Unnamed: 0_level_0,Sales Amount,Sales Commission,Amount Billed,Amount Paid,Outstanding Balance,Supply - Incoming,Supply - Outgoing,Supply - On-Hand,HR Incidents
Month,Unnamed: 1_level_1,Unnamed: 2_level_1,Unnamed: 3_level_1,Unnamed: 4_level_1,Unnamed: 5_level_1,Unnamed: 6_level_1,Unnamed: 7_level_1,Unnamed: 8_level_1,Unnamed: 9_level_1
March,125625,18843.75,82912,69587,13325,1400,1225,150,7
April,92575,13886.25,61100,59800,1300,1200,1150,325,8
May,73250,10987.5,48345,45980,2365,1075,1225,375,11


In [33]:
# Create a 'Total' row
summary_df.loc["Total"] = summary_df.sum()

In [34]:
# Reset the index
summary_df.reset_index(inplace=True)

In [35]:
# Now let's preview our data
summary_df.head()

Unnamed: 0,Month,Sales Amount,Sales Commission,Amount Billed,Amount Paid,Outstanding Balance,Supply - Incoming,Supply - Outgoing,Supply - On-Hand,HR Incidents
0,March,125625.0,18843.75,82912.0,69587.0,13325.0,1400.0,1225.0,150.0,7.0
1,April,92575.0,13886.25,61100.0,59800.0,1300.0,1200.0,1150.0,325.0,8.0
2,May,73250.0,10987.5,48345.0,45980.0,2365.0,1075.0,1225.0,375.0,11.0
3,Total,291450.0,43717.5,192357.0,175367.0,16990.0,3675.0,3600.0,850.0,26.0


### Writing to Excel
Most of this should look familiar.  We're going to write our DataFrame to Excel like we've done in the past, with a few minor changes.  What's really new is we're going to add in some custom header text above the DataFrame and add in a simple bar chart.

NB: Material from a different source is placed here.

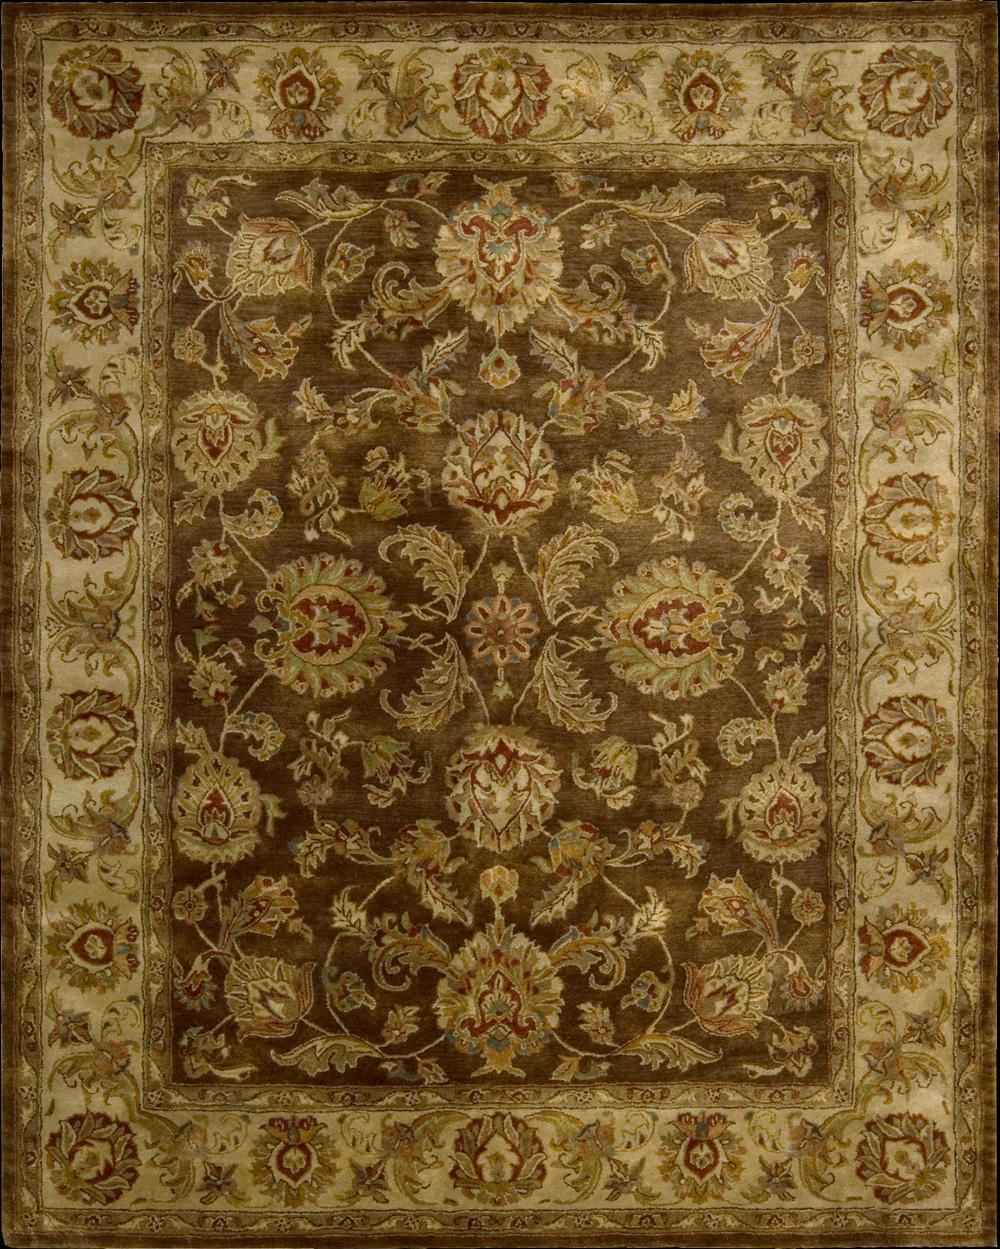 "Nourison Jaipur Area Rug 9'6"" x 13'6"" - Item Number: 58433"

#### Define the Output File:

In [36]:
output_file = os.path.join('..', 'data', 'Quarterly Report.xlsx')
writer = pd.ExcelWriter(output_file, engine='xlsxwriter')
workbook = writer.book

#### Define the formats:
* We have a couple of new formats: `title_format` and `subheader_format`.  By now you should be familiar with how these are put together. 

In [37]:
# Define the format for our header:
title_format = workbook.add_format({
    'bold': True, 
    'align': 'center', 
    'valign': 'top',
    'fg_color': '#4472C1',
    'font_color': 'white',
    'font_size': 16,
})

header_format = workbook.add_format({
    'bold': True,
    'align': 'center',
    'valign': 'top',
    'fg_color': '#4472C1',
    'font_color': 'white',
    'font_size': 12,
})

# Define the subheader format:
subheader_format = workbook.add_format({
            'bold': False,
            'align': 'center',
            'valign': 'top',
            'fg_color': '#8EA9DB',
            'font_color': 'black',
            'text_wrap': 1,
            'border': 1})

# Define the format for our numbers:
number_format = workbook.add_format({'num_format': '#,##0'})
accounting_format = workbook.add_format({'num_format': '$#,##0'})

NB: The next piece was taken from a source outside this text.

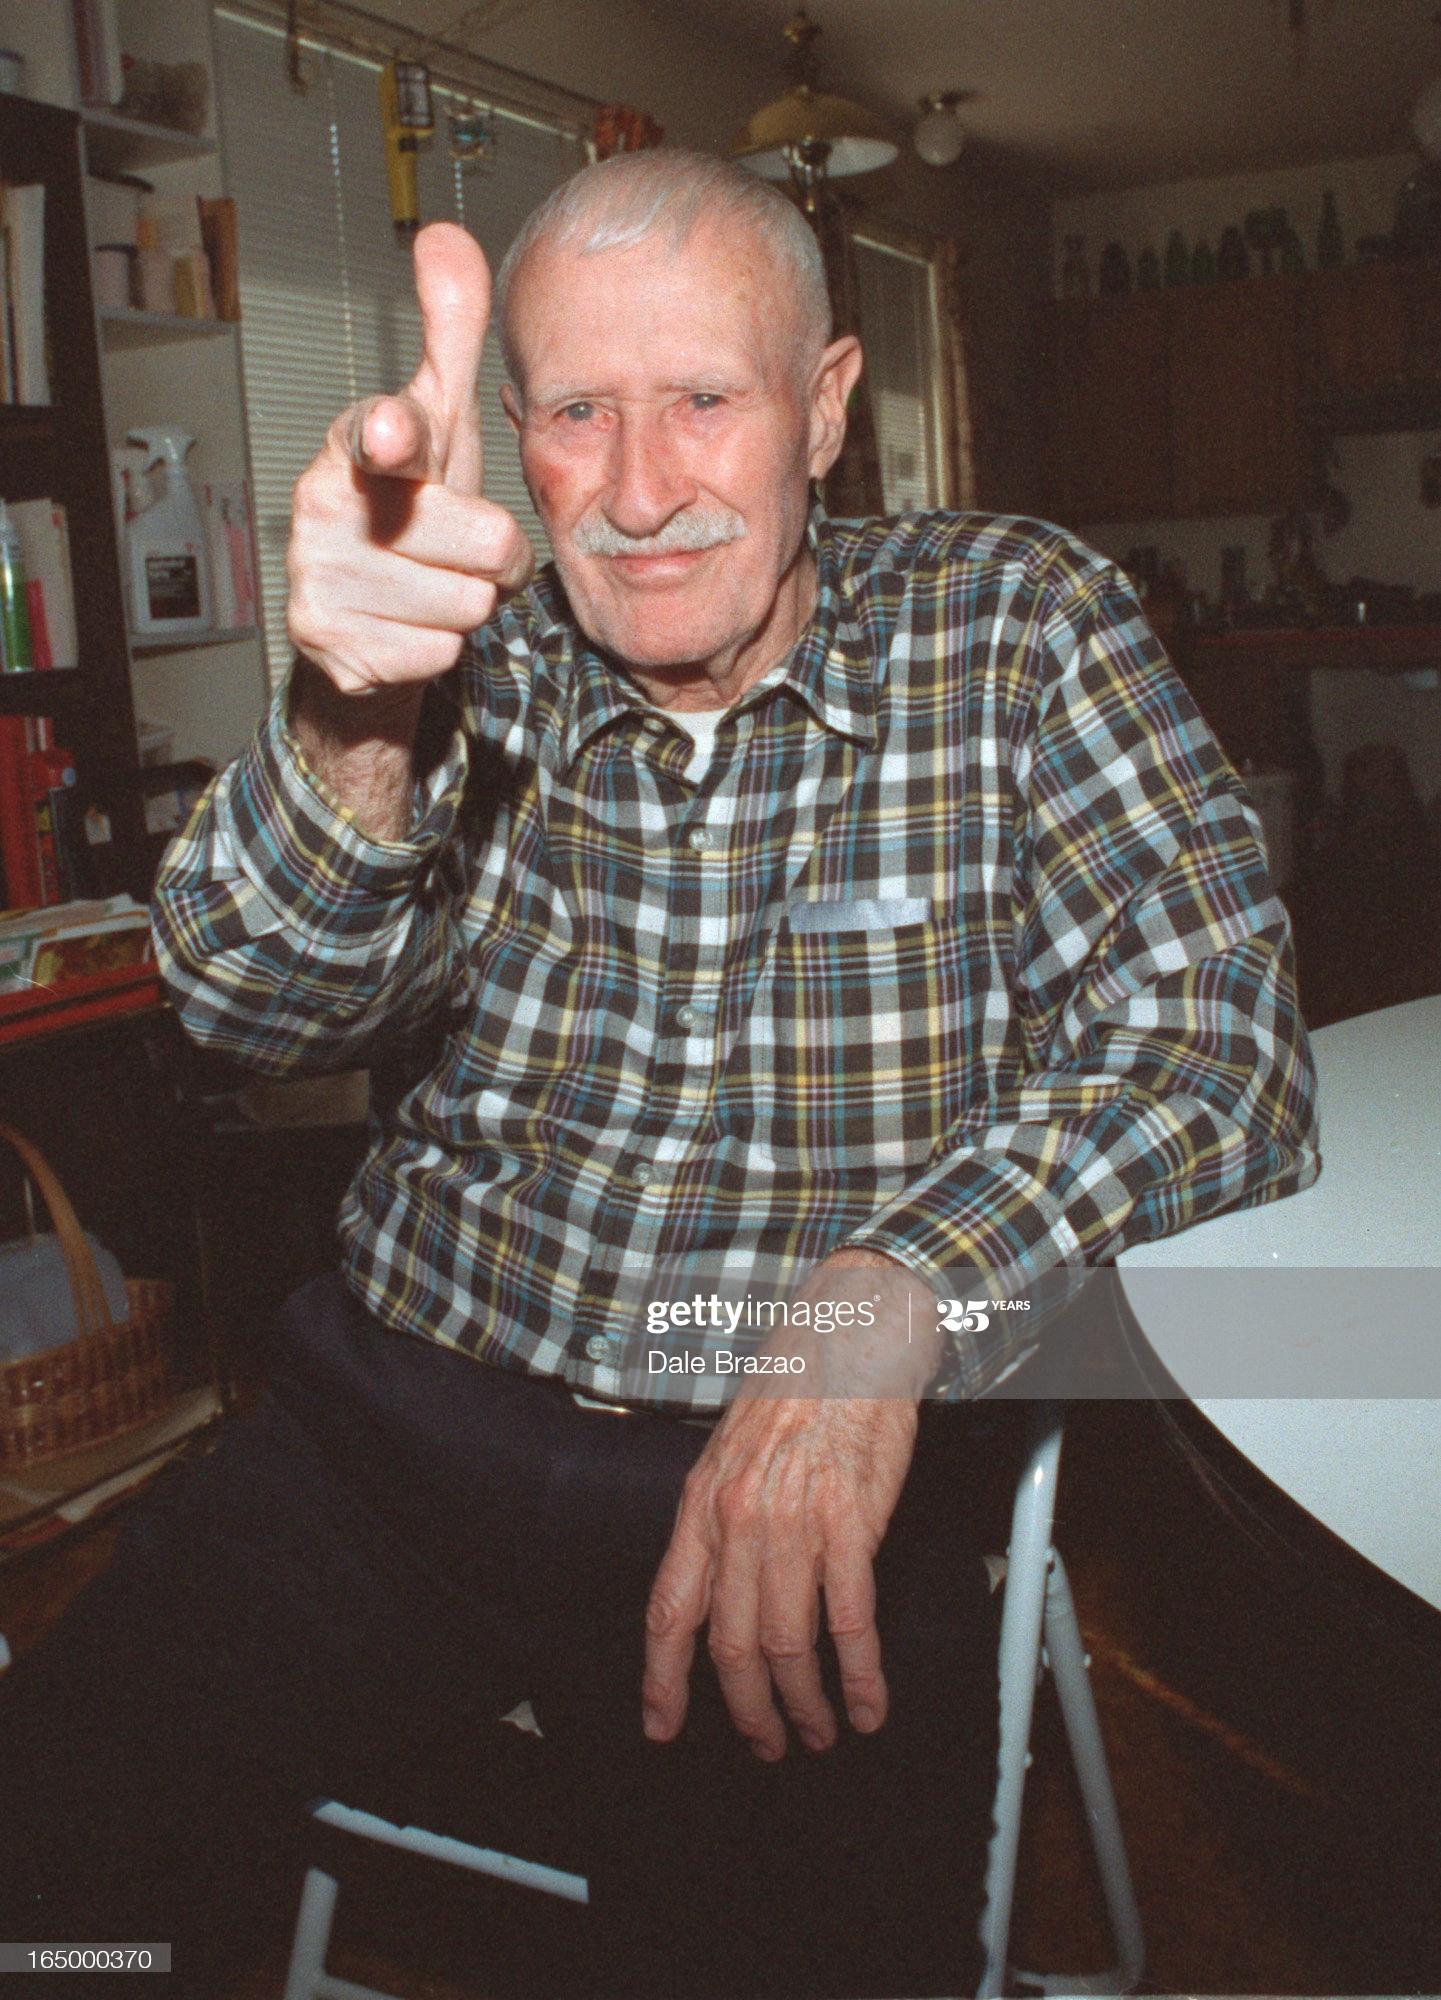 Edwin Alonzo Boyd seen Sept. 27, 1996 in his home in B.C.

#### Define our Worksheet and Write to Excel
* Notice we've added `startrow=3` and `header=False` as arguments here.
* We're doing this to leave room for the extra text we will add to the top of the worksheet later.

In [38]:
sheet = 'Summary'
summary_df.to_excel(writer, sheet_name=sheet, startrow=3, index=False, header=False)

In [39]:
worksheet = writer.sheets[sheet]

In [40]:
for col_num, value in enumerate(summary_df.columns.values):
    worksheet.write(2, col_num, value, header_format)

#### Column Formatting:
* In the past we've had to manually figure out which Excel column belonged to which DataFrame Column.
* The method I use below gets us the column number for our columns using Python's build-in .index() method on our column list.

In [41]:
# Get the column number for month
month_column = list(summary_df.columns).index('Month')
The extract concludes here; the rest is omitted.